# i want to use wifi on my desktop.what hardware do i need and how to do it???



## tango_cash (Jan 13, 2009)

hi i have a desktop computer. i get free wifi signal in the balcony of my room my friends who have laptop use the wifi without any problem.my p.c is inside the room and the wifi signal does not come inside the room and i cannot move my p.c in the balcony. 
how do i catch the wifi signal i.e connect my p.c to the wifi..
what kind of hardware do i need.
as far as i think i need some device that would catch wifi signal, which i will place in the balcony then i would need some wire to connect the device to my p.c.
pls tell me what hardware setup i need and it would be great if u cud give idea about the price of the harware.
thanks.


----------



## spidy333 (Jan 13, 2009)

^buy a wireless lan usb or pci adapter and you are good to go.. from dlink or netgear..


----------



## tango_cash (Jan 24, 2009)

but the problem is wifi ka signal balcony pe aata hai. so i think the wifi thing has to be put on thebalcony and i need some wire to connect my p.c to it.


----------



## gxsaurav (Jan 24, 2009)

^^^ what does that means?

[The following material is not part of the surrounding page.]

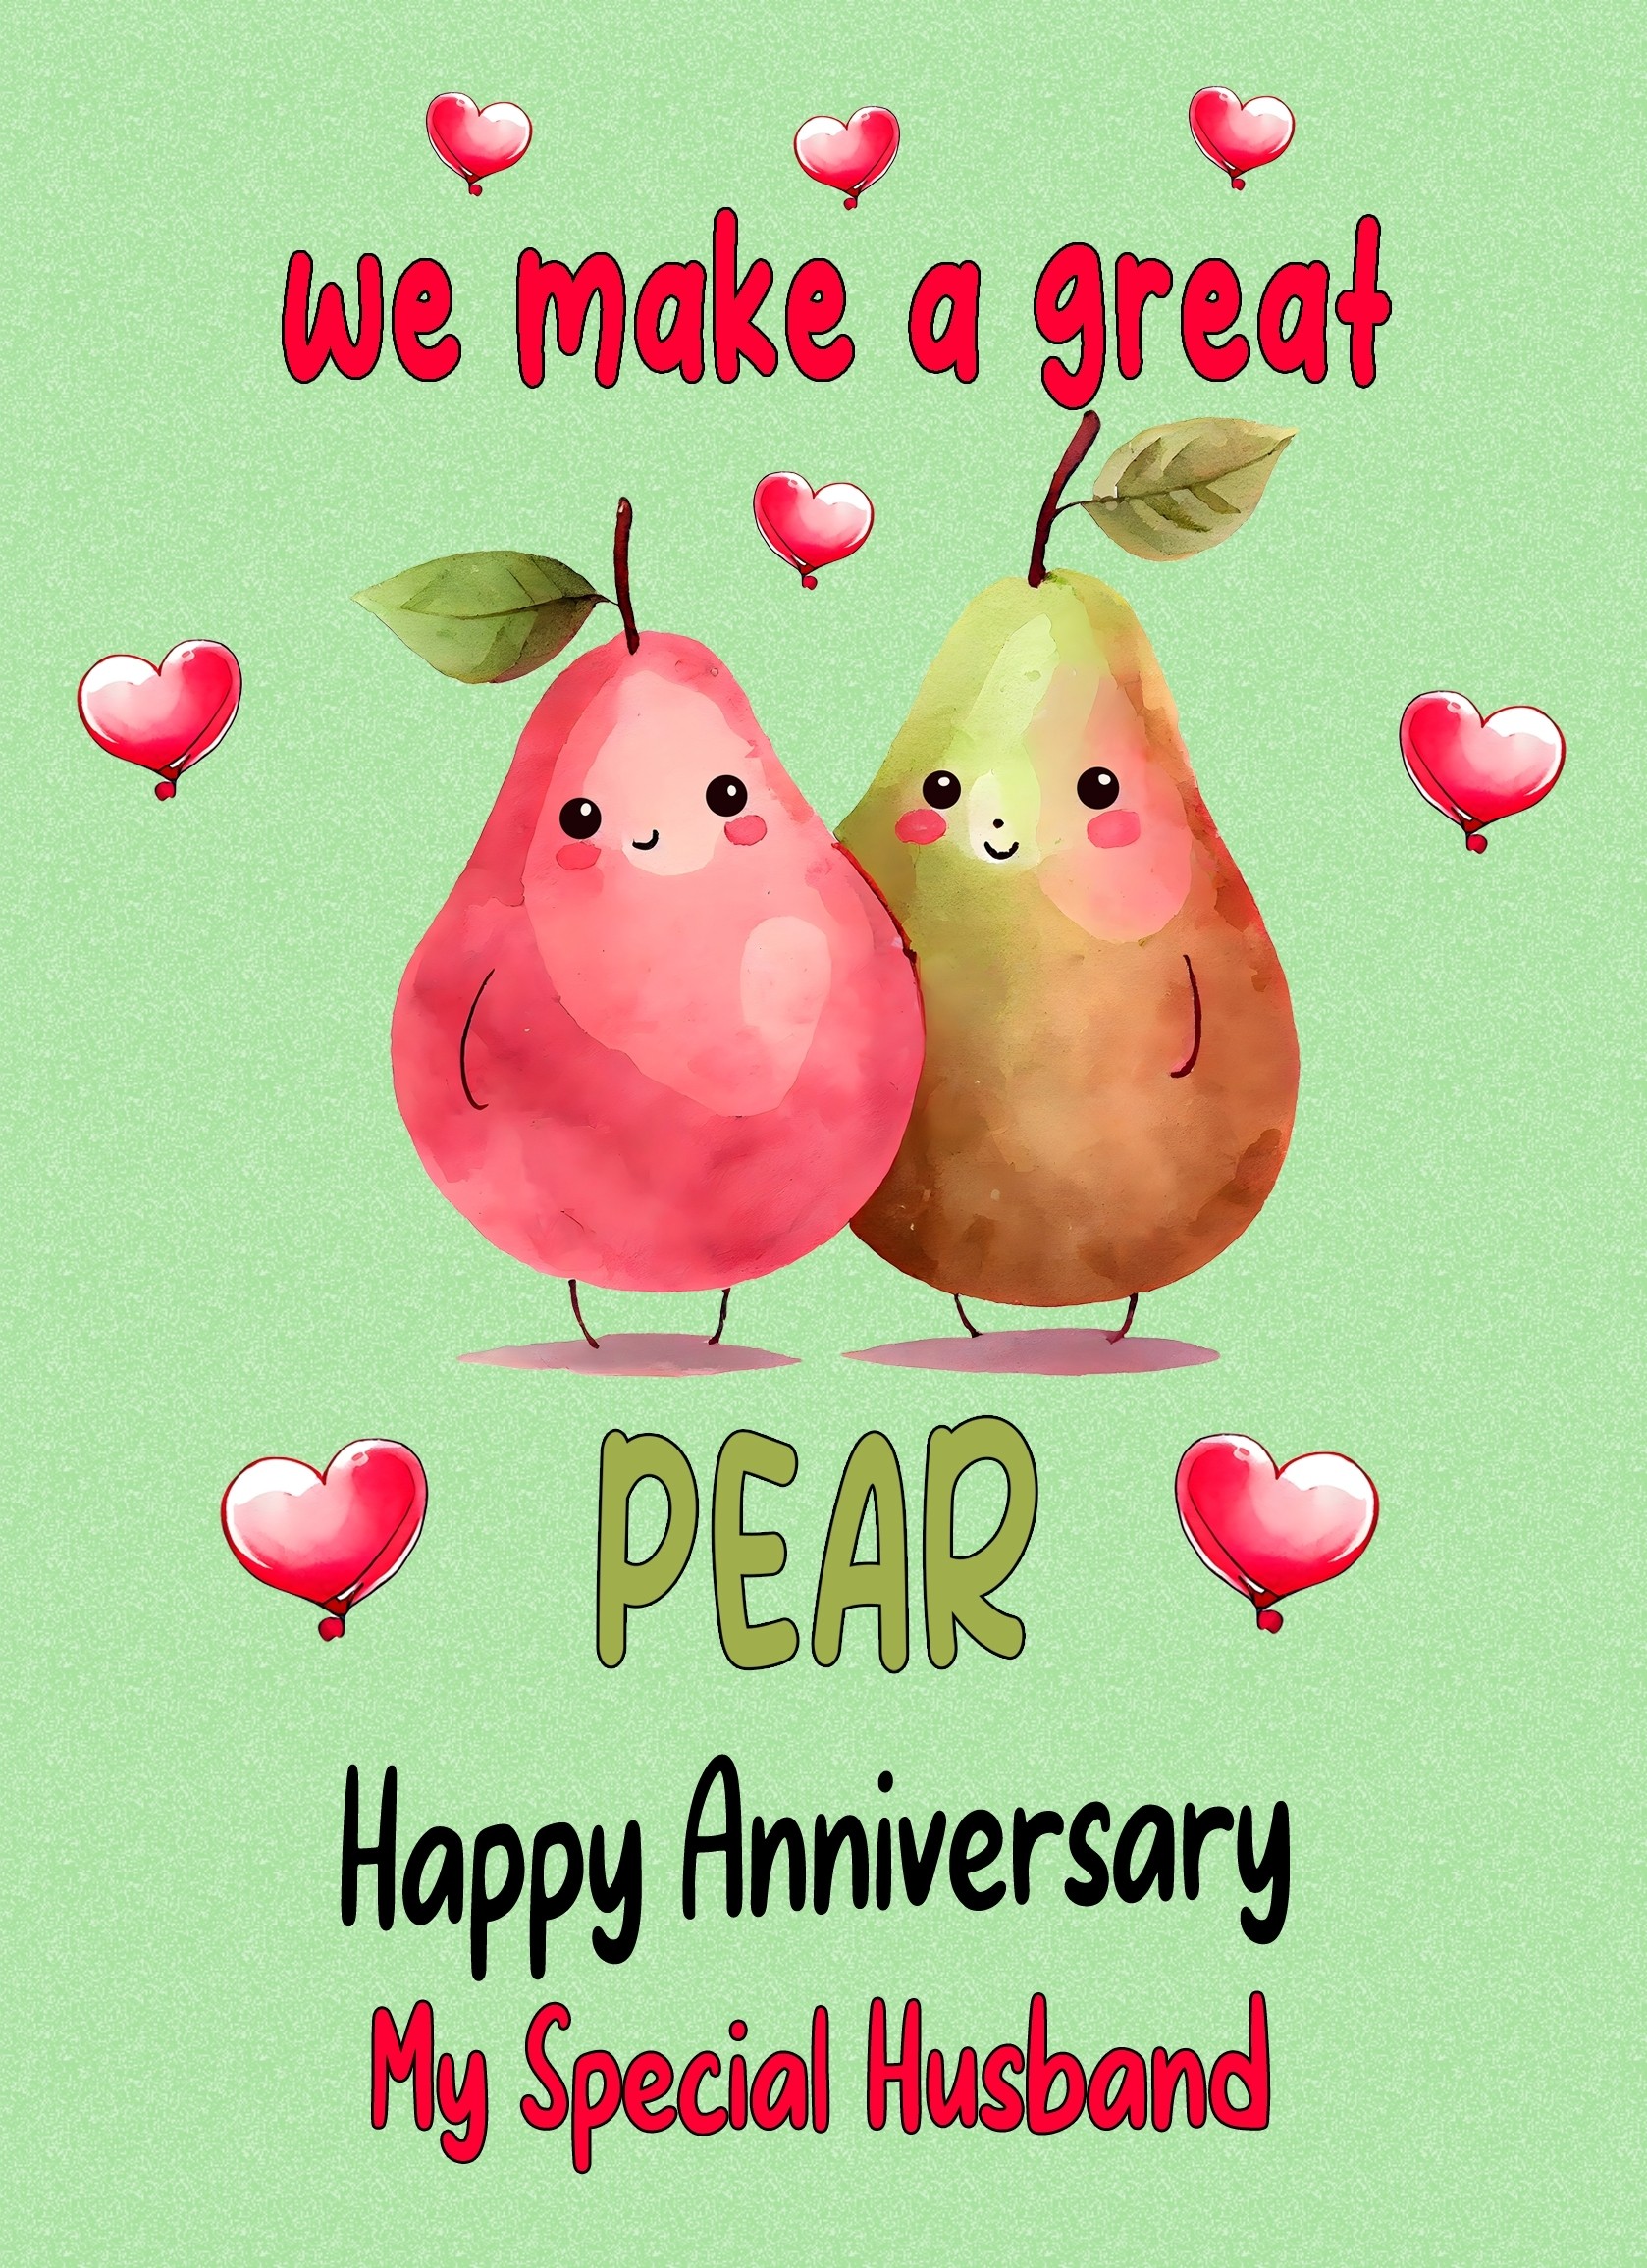 Funny Pun Romantic Anniversary Card for Husband (Great Pear)

If you buy a PCI or USB based WiFi adapter then it will automatically catch the wifi signal in near vicinity.


----------



## vamsi360 (Jan 24, 2009)

now there are SD card wifi adapters...
If you buy them you can use them both on your phone and on your desktop (by using card reader )


----------



## amitash (Jan 24, 2009)

same problem with me...I have my comp downstairs but the phone line is up...So I never connect my PC to the Dlink wireless adaptor..I have just connected my modem to it...I temporarily dragged my PC up and connected to apply security and now I am able to share data, play games, browse etc on WLAN.


----------